Saturday 10 September 2011

Hornblower and the Atropos. By C.S. Forester


Hornblower and the Atropos

C. S. Forester (1953)


E-book downloaded from the Internet

Hornblower and family travel by a canal barge from Gloucester  to London along the Thames and the Severn. In London Hornblower takes charge of the Atropos. His first duty is not connected with the ship, but is to conduct the water-borne part of the funeral procession for Lord Nelson who has only recently been killed during his signal victory at Trafalgar. After this, Maria gives birth to a baby girl, and Hornblower has to leave his family of three behind to take the Atropos to the Mediterranean. He has with him in his ship a young german ‘king’ recently deposed by Napoleon, as a midshipman in training. Hornblower goes to Turkish waters, on way picking up a team of three Ceylonese pearl fishermen and their English overseer, to recover treasure from a sunken English ship. This they manage to do almost completely before they relealize they are trapped by the Turkish guns positioned at the mouth of the bay.
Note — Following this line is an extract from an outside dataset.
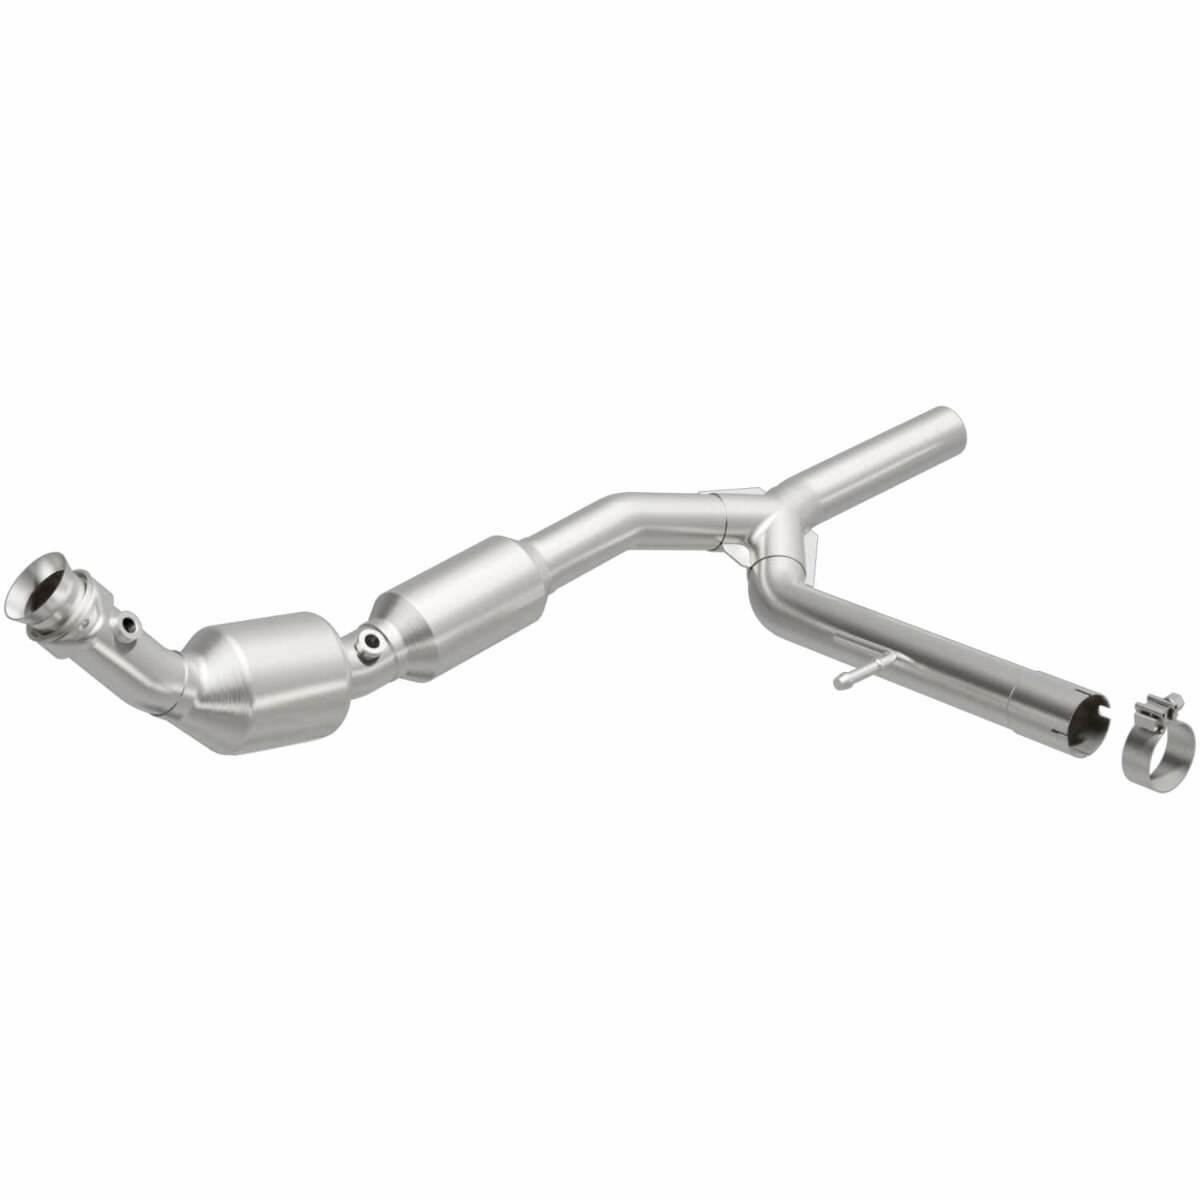 2004-2005 Ford F-150 5.4L Direct-Fit Catalytic Converter 5481706 Magnaflow

But some brilliant night seamanship in shallow waters gets the Atropos out safely and on to Gibraltar, where the treasure is deposited. He is ordered to Sicily, where he arrives after an adventure on the way. In Sicily he is asked to hand over his command to the Sicilian King, as Britain is gifting the ship to the latter to enable him to start a Navy. He does so and returns to England only to find both his children very sick of smallpox. (They die of it, as we learn in the next book).